DATA PROVIDED →
====

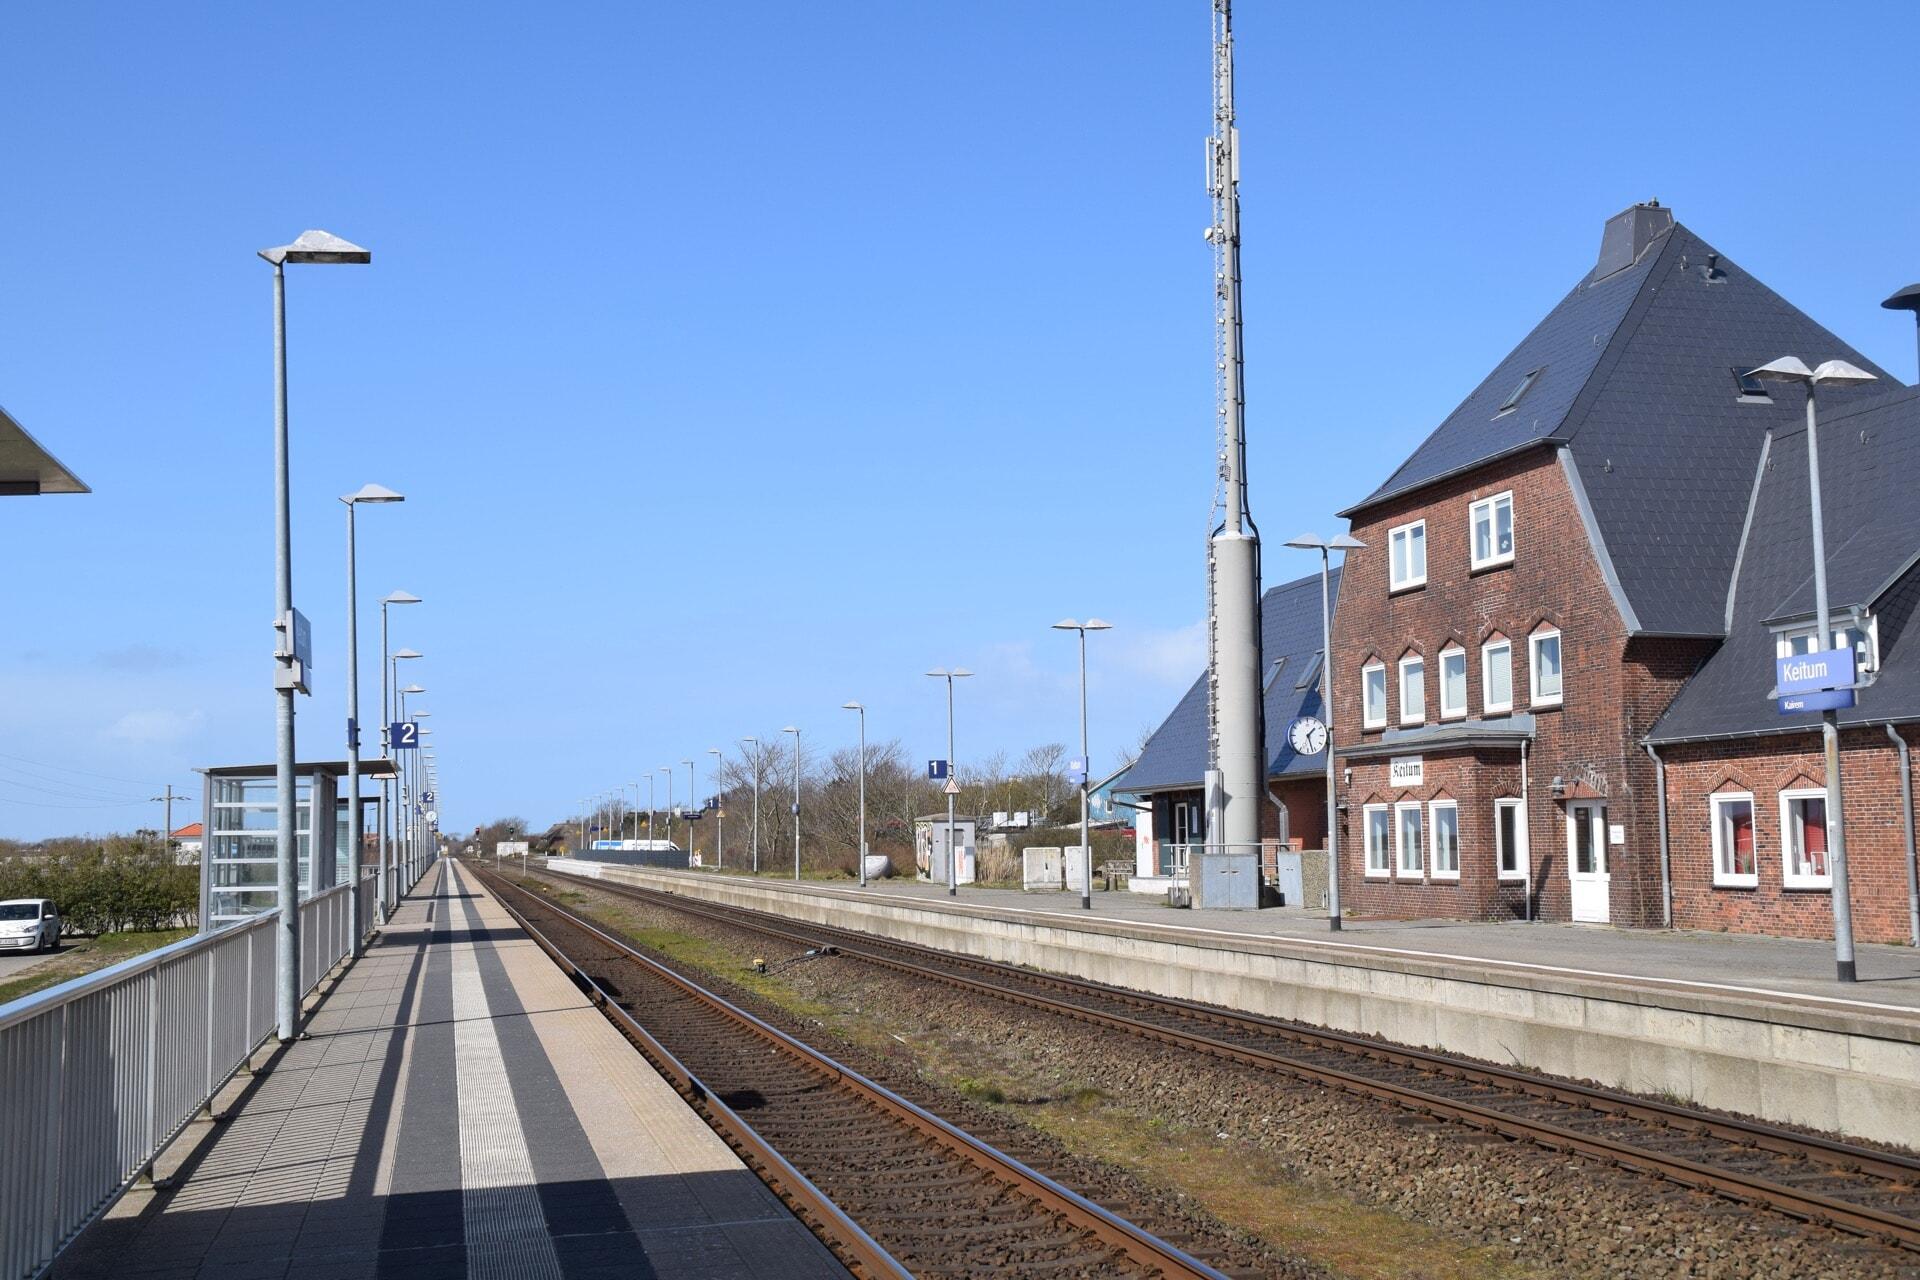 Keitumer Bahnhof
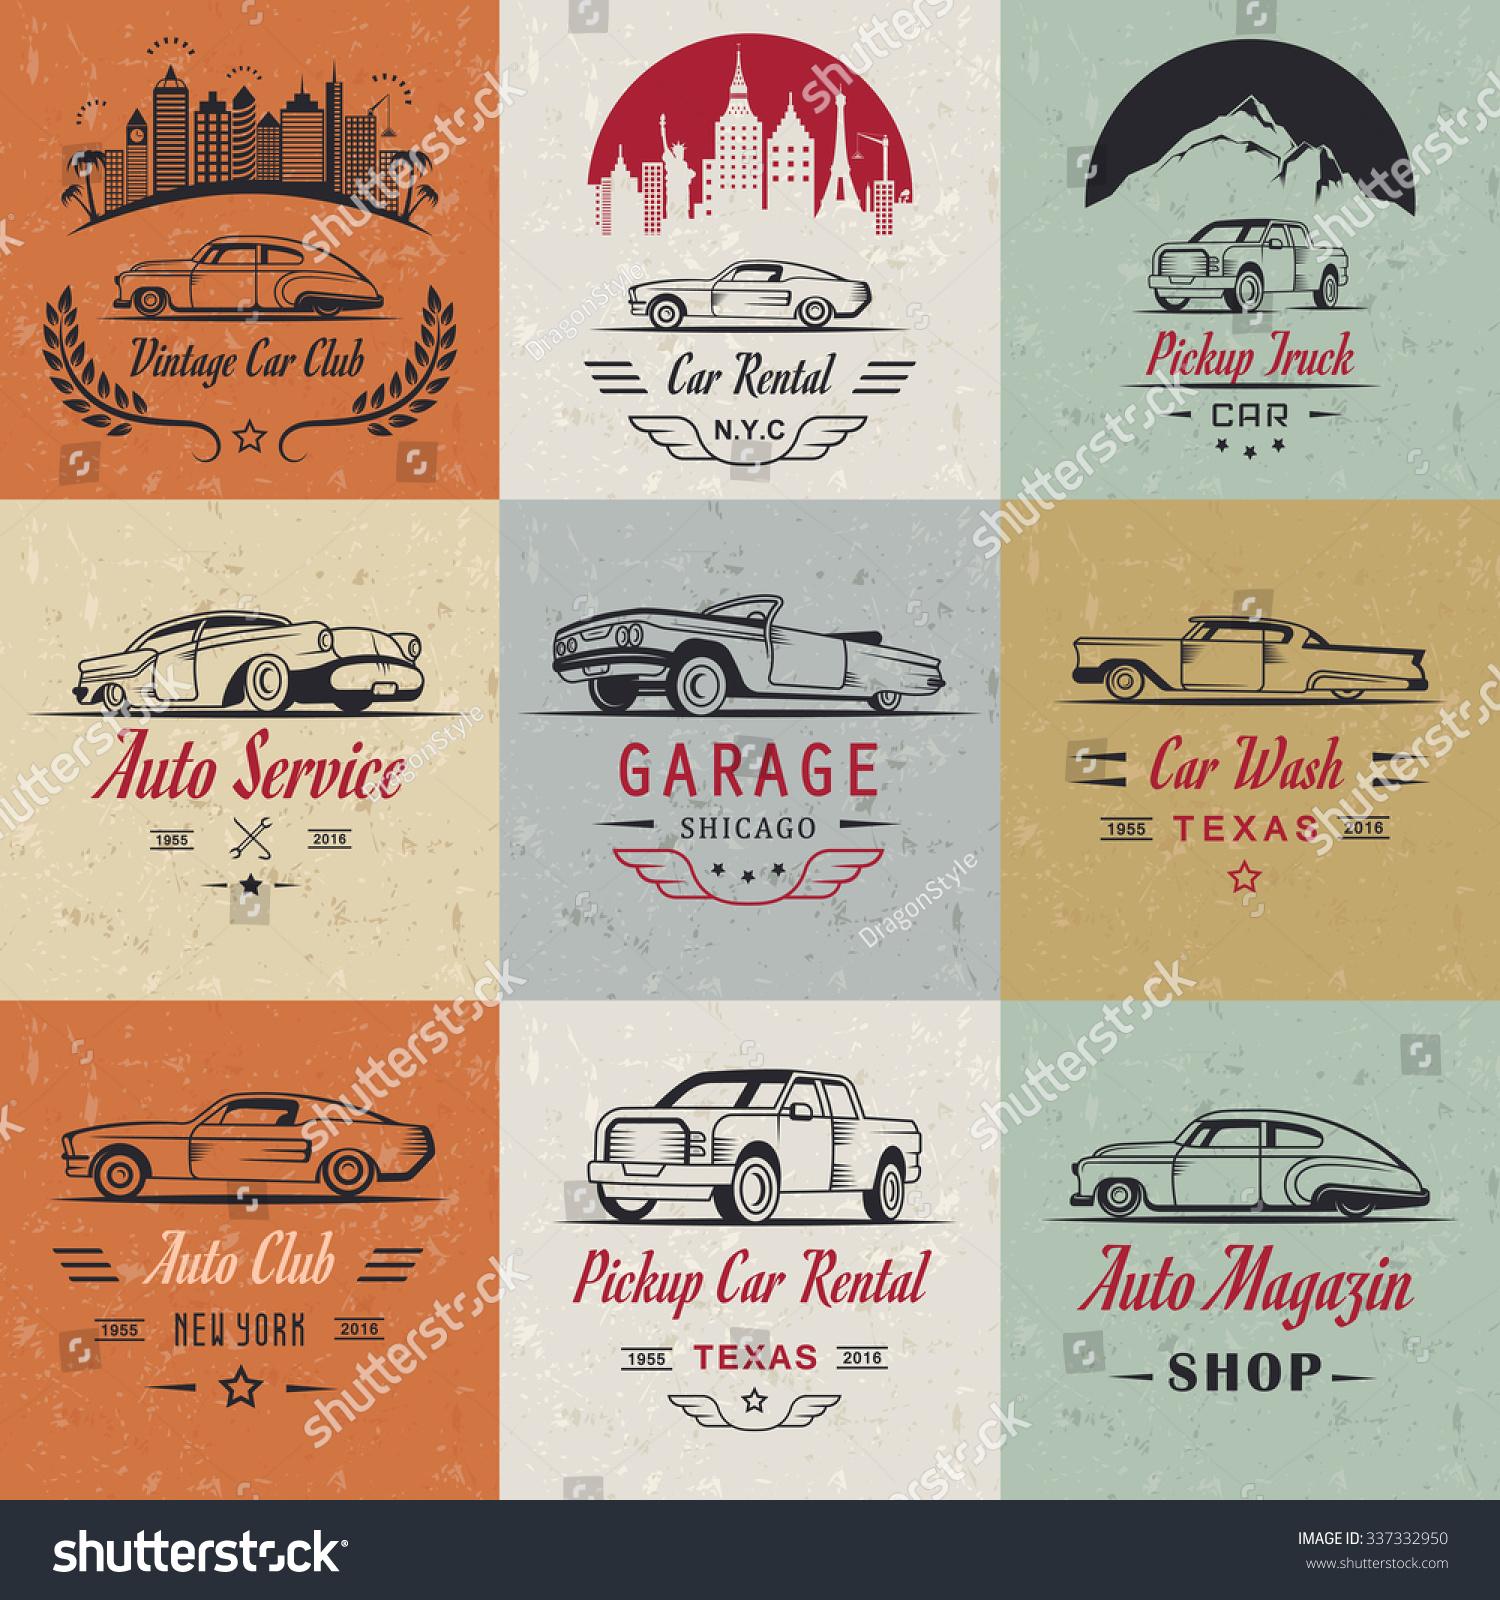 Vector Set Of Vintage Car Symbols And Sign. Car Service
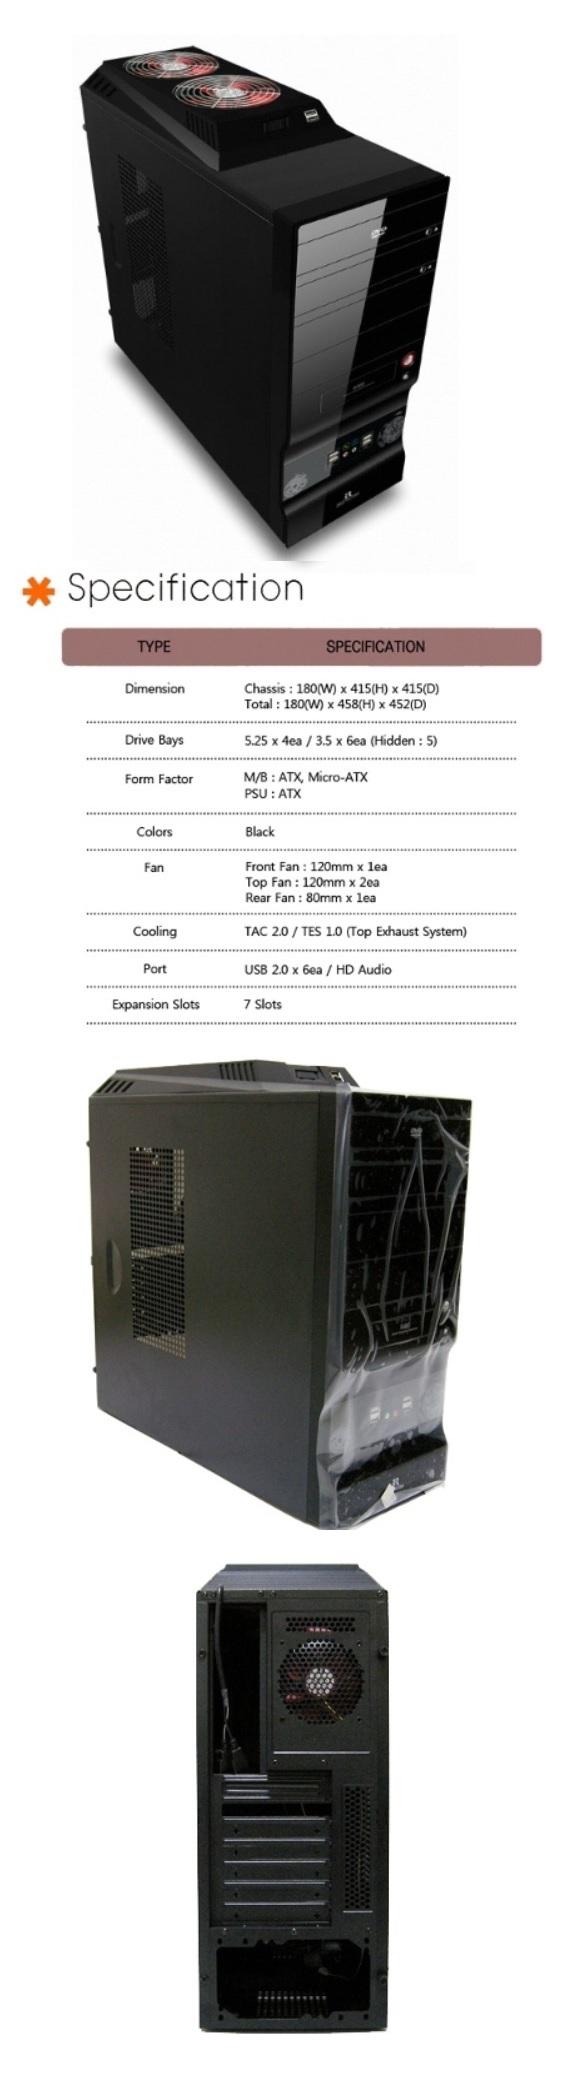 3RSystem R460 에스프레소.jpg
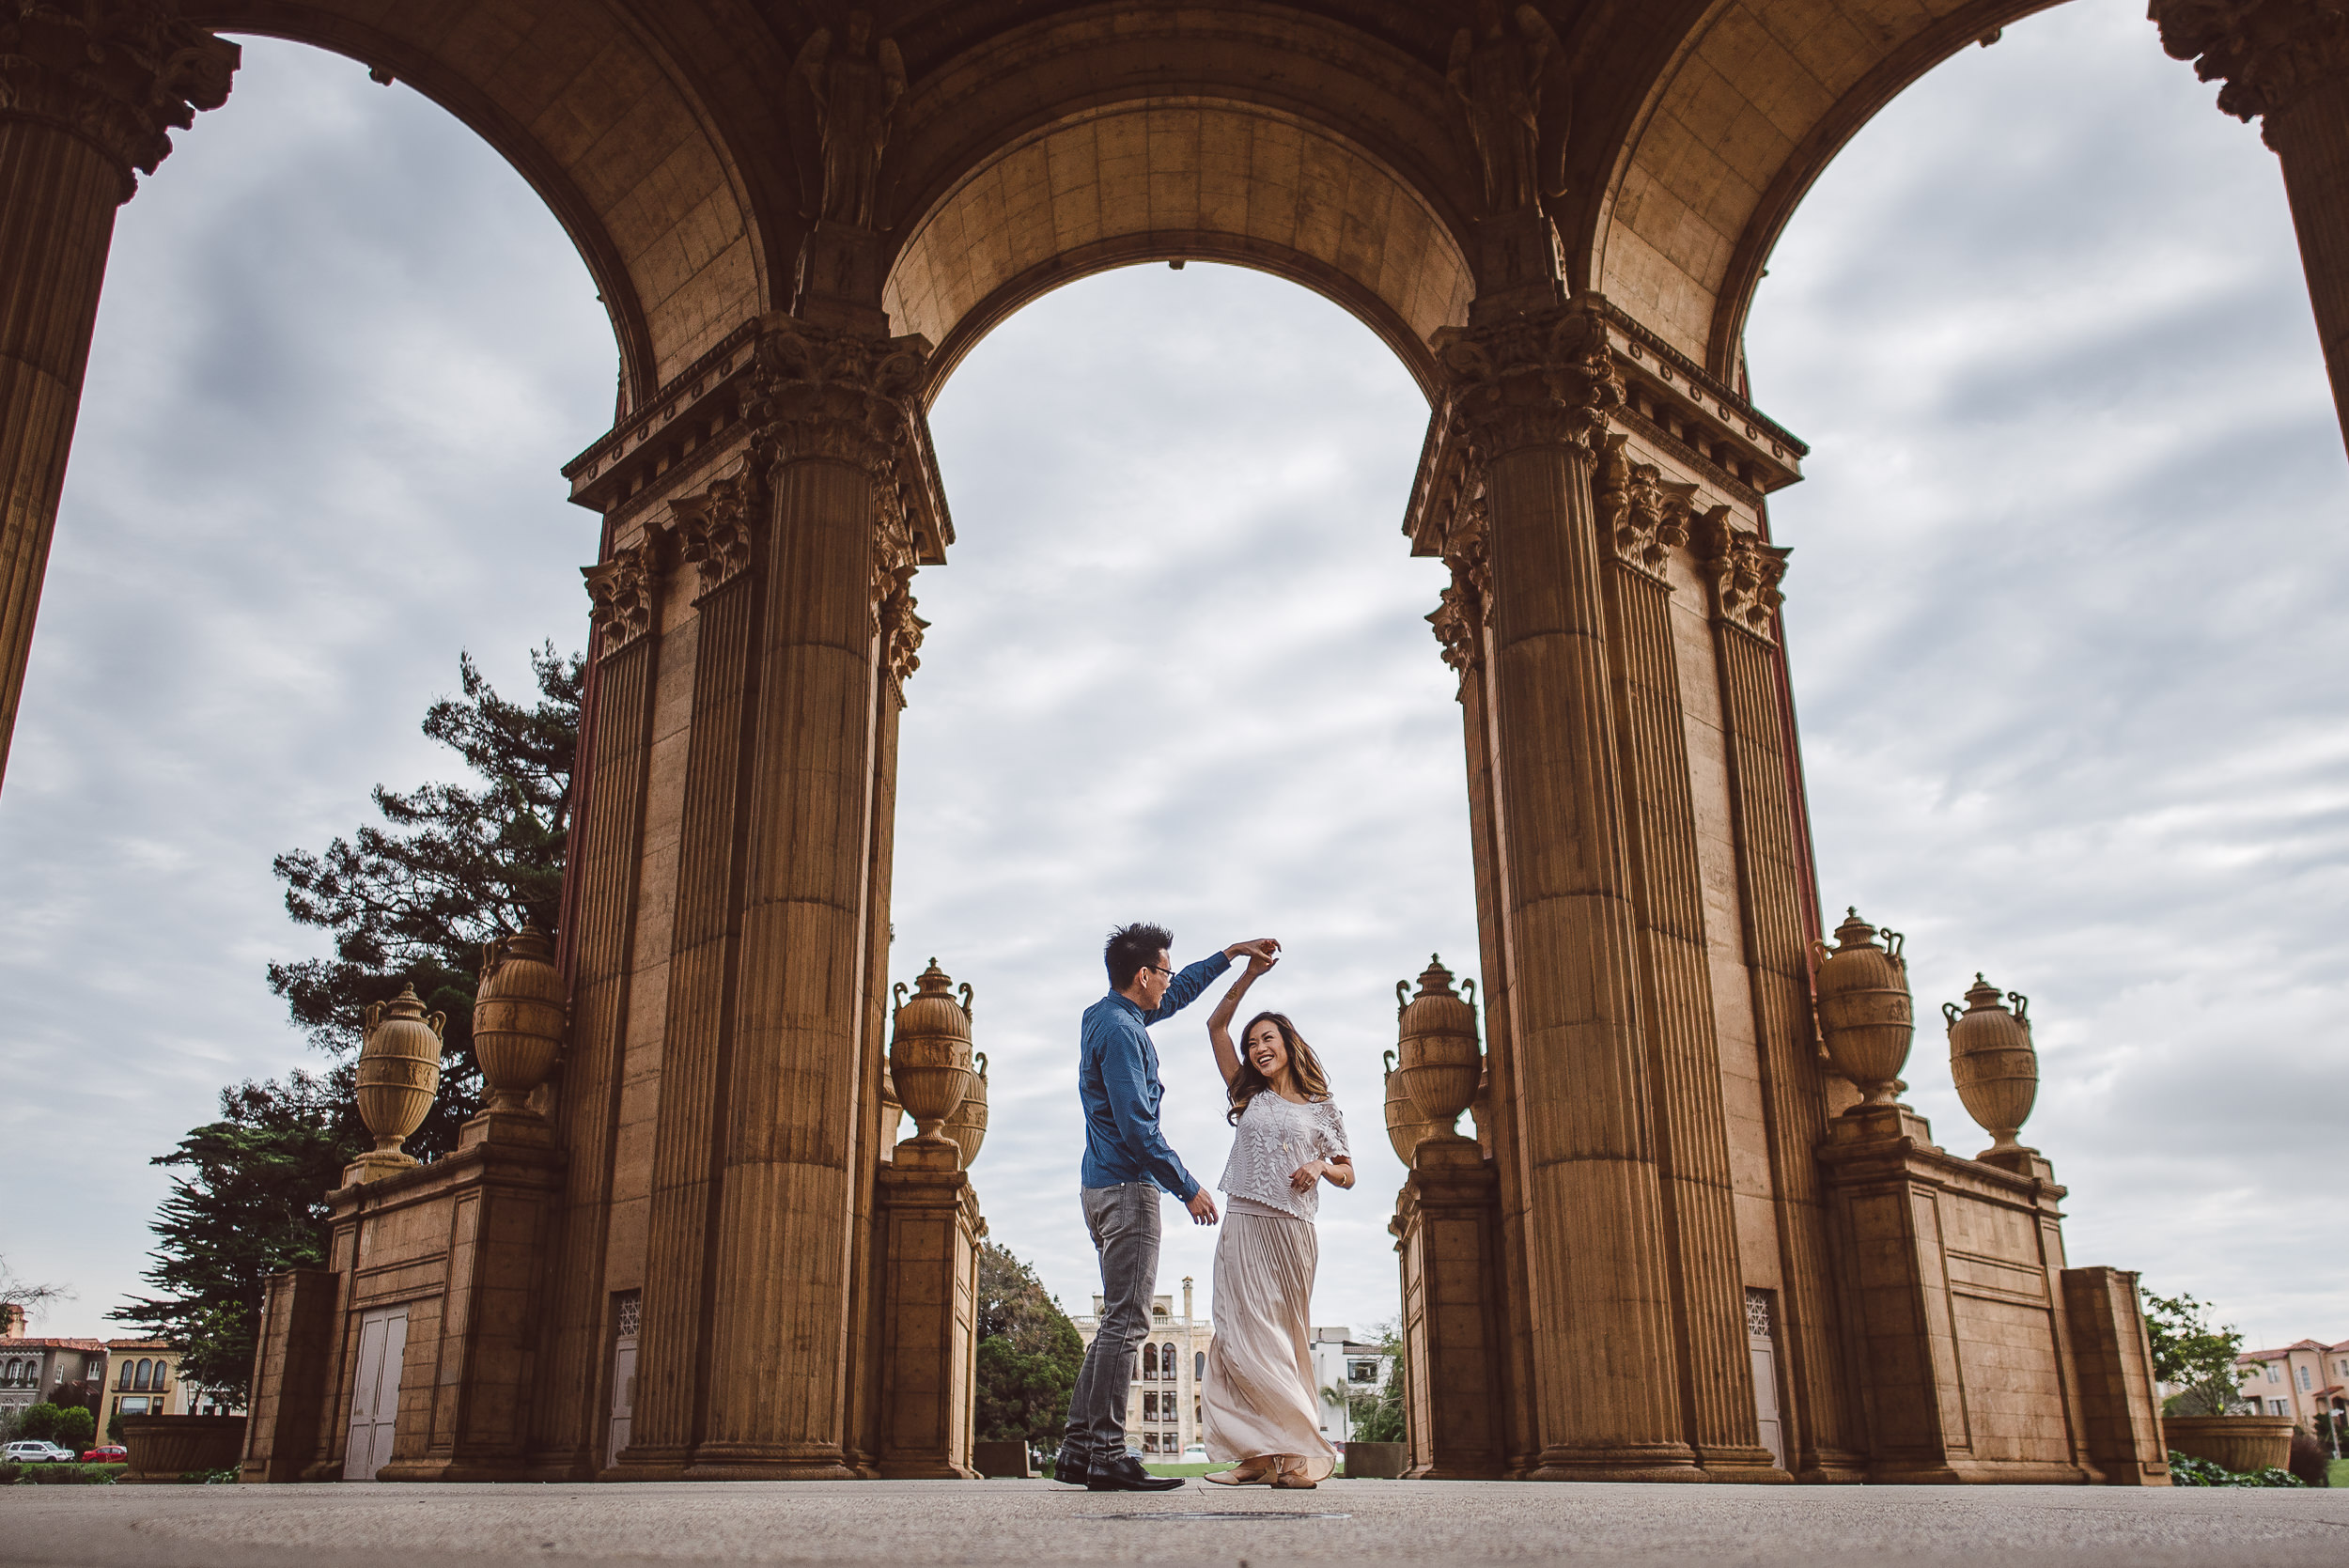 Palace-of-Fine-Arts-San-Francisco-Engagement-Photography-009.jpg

====

WHAT TO WORK ON →
Everything in the material except the pictures should be output verbatim.

SOLUTION BELOW →
 Keitumer Bahnhof
 Vector Set Of Vintage Car Symbols And Sign. Car Service
 3RSystem R460 에스프레소.jpg
 Palace-of-Fine-Arts-San-Francisco-Engagement-Photography-009.jpg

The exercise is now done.